William Blake’s Holy Thursday (Twas on a Holy Thursday their innocent faces clean): Atmosphere of Innocence, Purity and Sacredness

In William Blake’s Holy Thursday an atmosphere of innocence, purity and sacredness pervades it. The children of the charity schools are innocent in nature. Their clean faces sustain the idea. Further, the radiance that comes out of them intensifies it once, again. The church, comparison of children to flowers and lambs, rising of hands towards heaven and singing of hymns, snow-white wands, and wise guardians also contributes to the maintenance of this atmosphere:

“Twas on a Holy Thursday their innocent faces clean 
The children walking two and; two in red and; blue and green 
Grey-headed beadles walkd before with wands as white as snow,
Till into the high dome of Pauls they like Thames waters flow”

Holy Thursday itself is associated with the religion of the Christians.

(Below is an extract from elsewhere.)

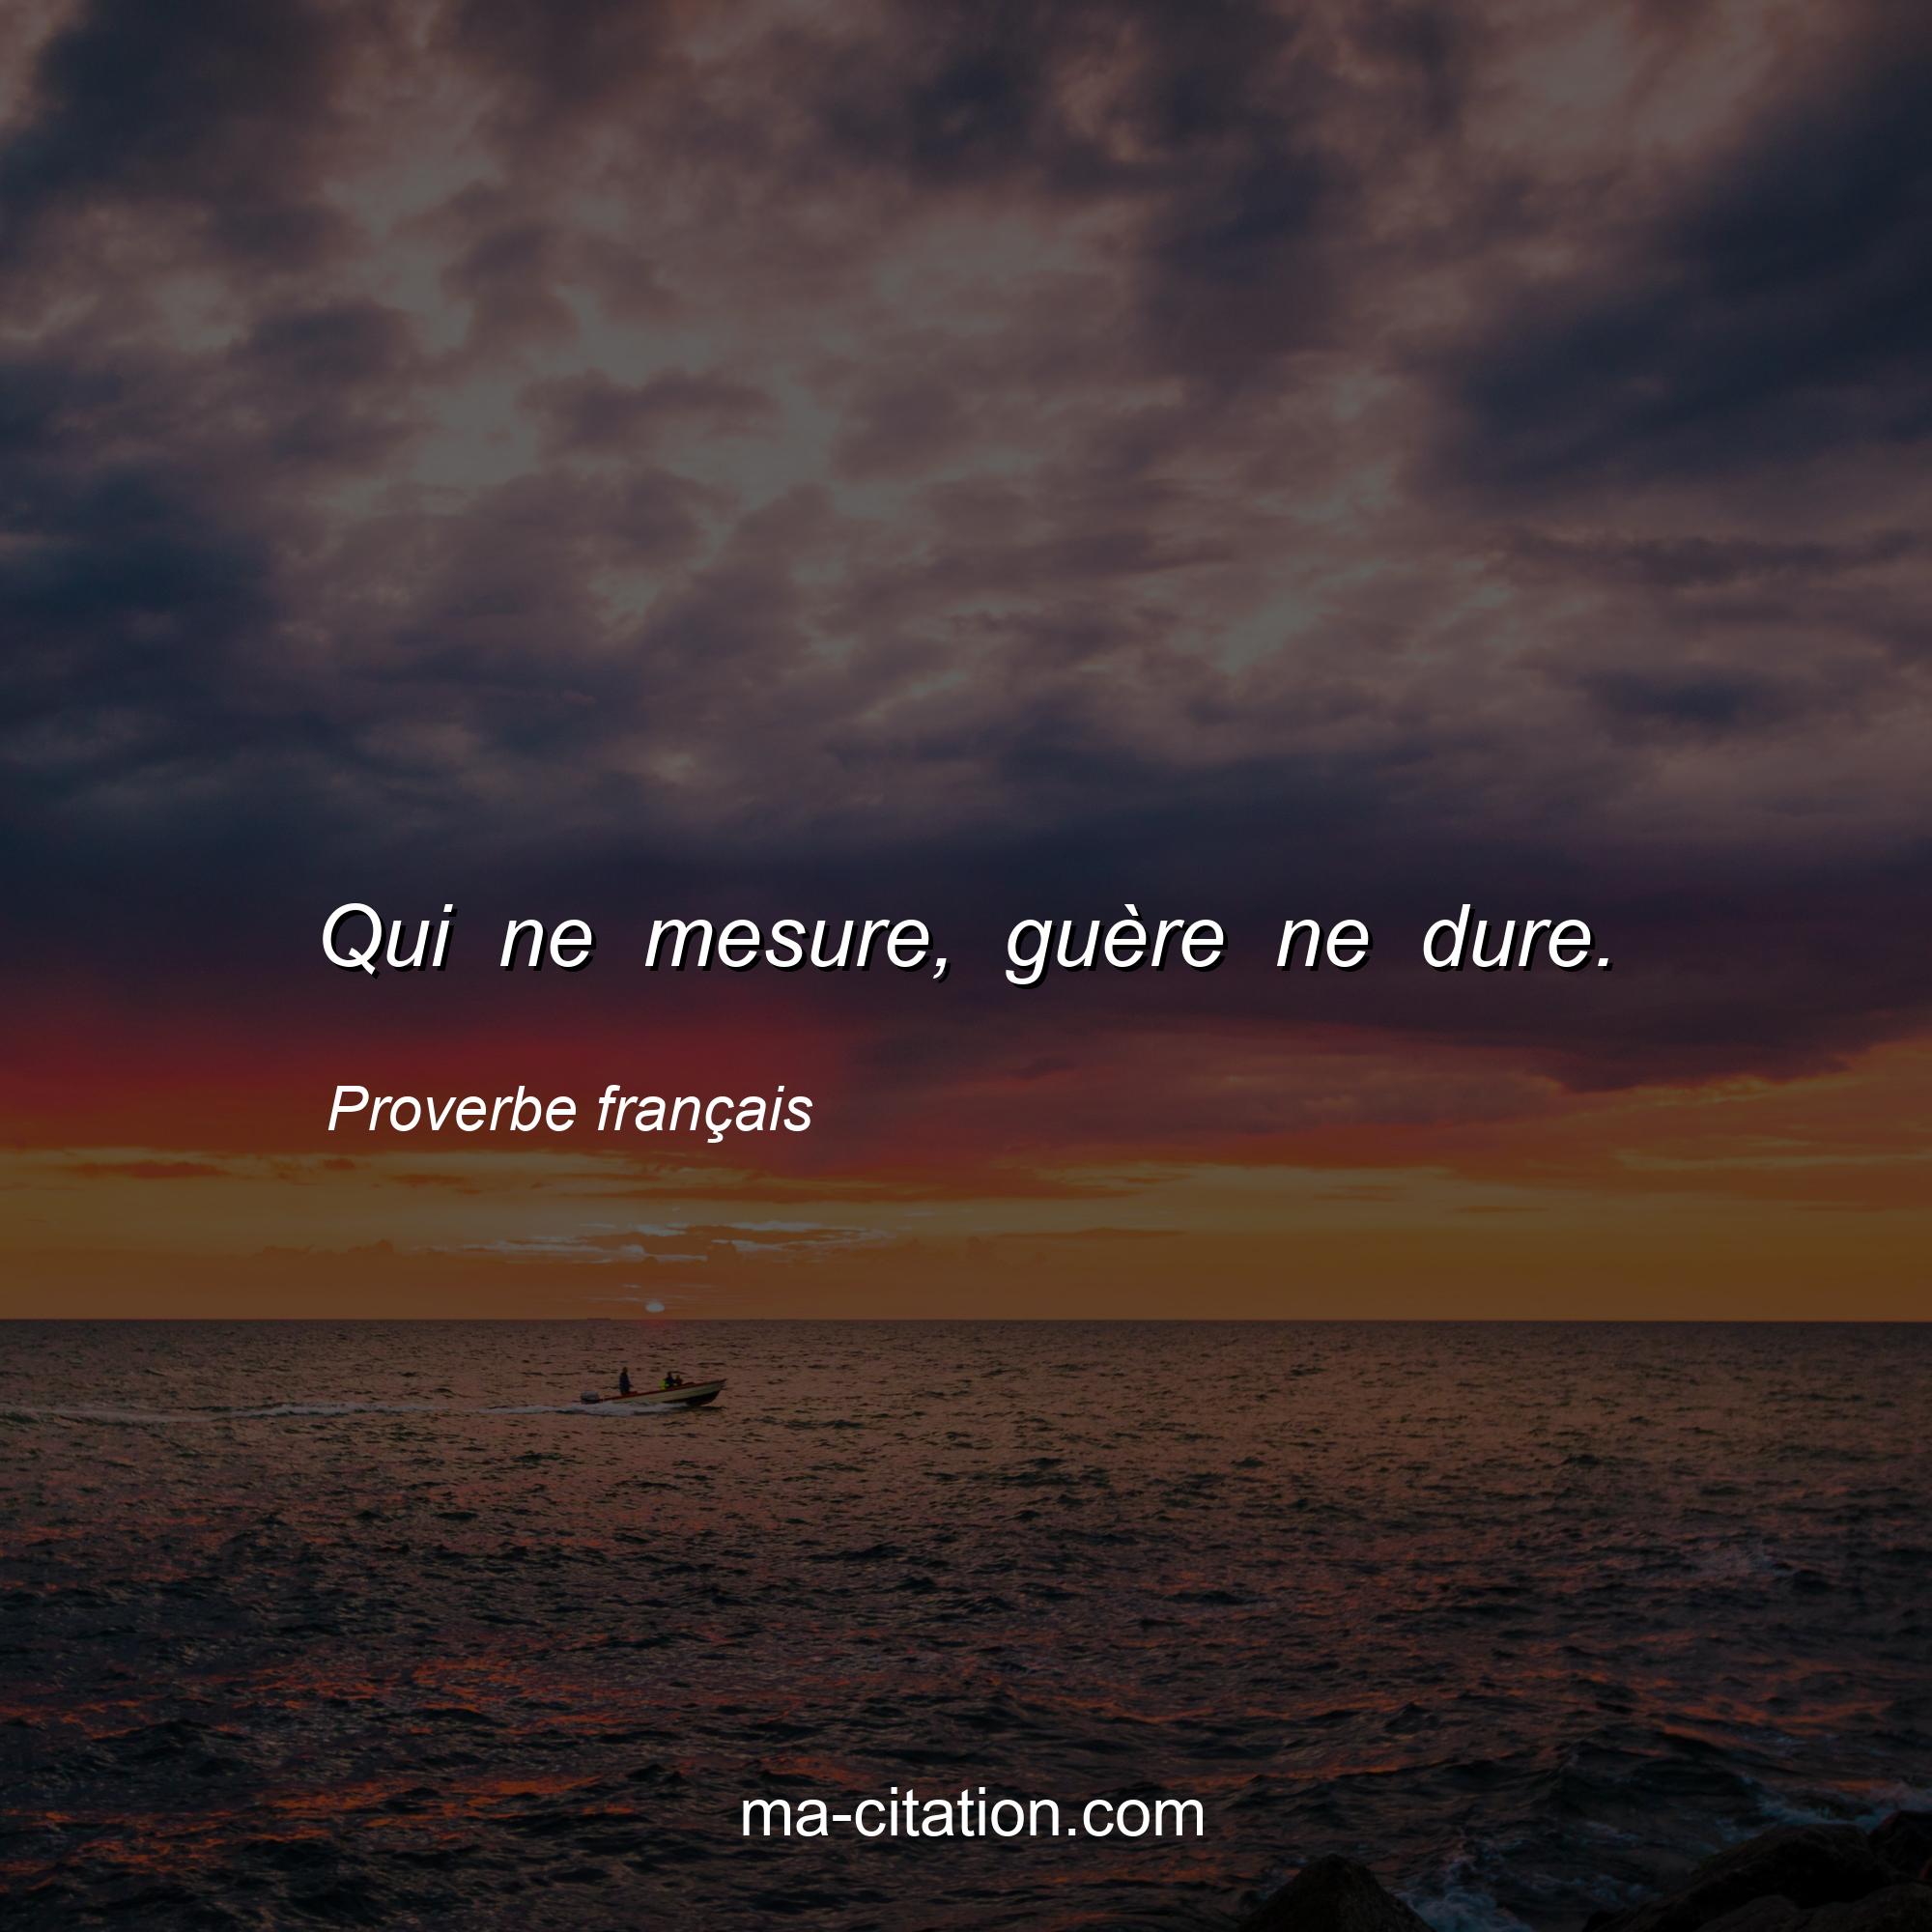 Proverbe français : Qui ne mesure, guère ne dure.

There are, again, beadles who, though lay men, act as church officials. The ‘high dome’ of St Paul’s Cathedral refers to the most venerated building where the children and their guardians present themselves for a special religious service. The raising of the little hands of the children towards heaven and their singing of songs in praise of God are obviously linked up with the Christian religion. Again, Holy Thursday is a sacred day for the Christians. It was on this day that Jesus Christ ascended to heaven. On Thursday of Holy Week four events are commemorated: the washing of the disciples' feet, the institution of the Sacrament of the Holy Eucharist at the Last Supper, the agony in the garden of Gethsemane, and the betrayal of Christ by Judas.  A special service is held in the church to commemorate this occasion. On this day the children of charity schools are given food and gifts. These they receive from the hands of their old and rich patrons. They are called ‘wise’ because of their taking care of these children. Beadles also act as their spiritual guides. Their snow-white wands agree with the innocent and bright faces of the children. Both the beadles and the patrons are concerned for their welfare. Hence they are brought to St Paul’s Cathedral for their spiritual uplift. Here they raise their hands and sing songs in praise of God. The whole scene thus passes amidst a religious atmosphere. This happens particularly because the day is Holy Thursday. Such, a day also produces a pure thought in the poet’s mind. He asks us to cultivate sympathy as otherwise we may drive out an angel-like child from our doors unknowingly.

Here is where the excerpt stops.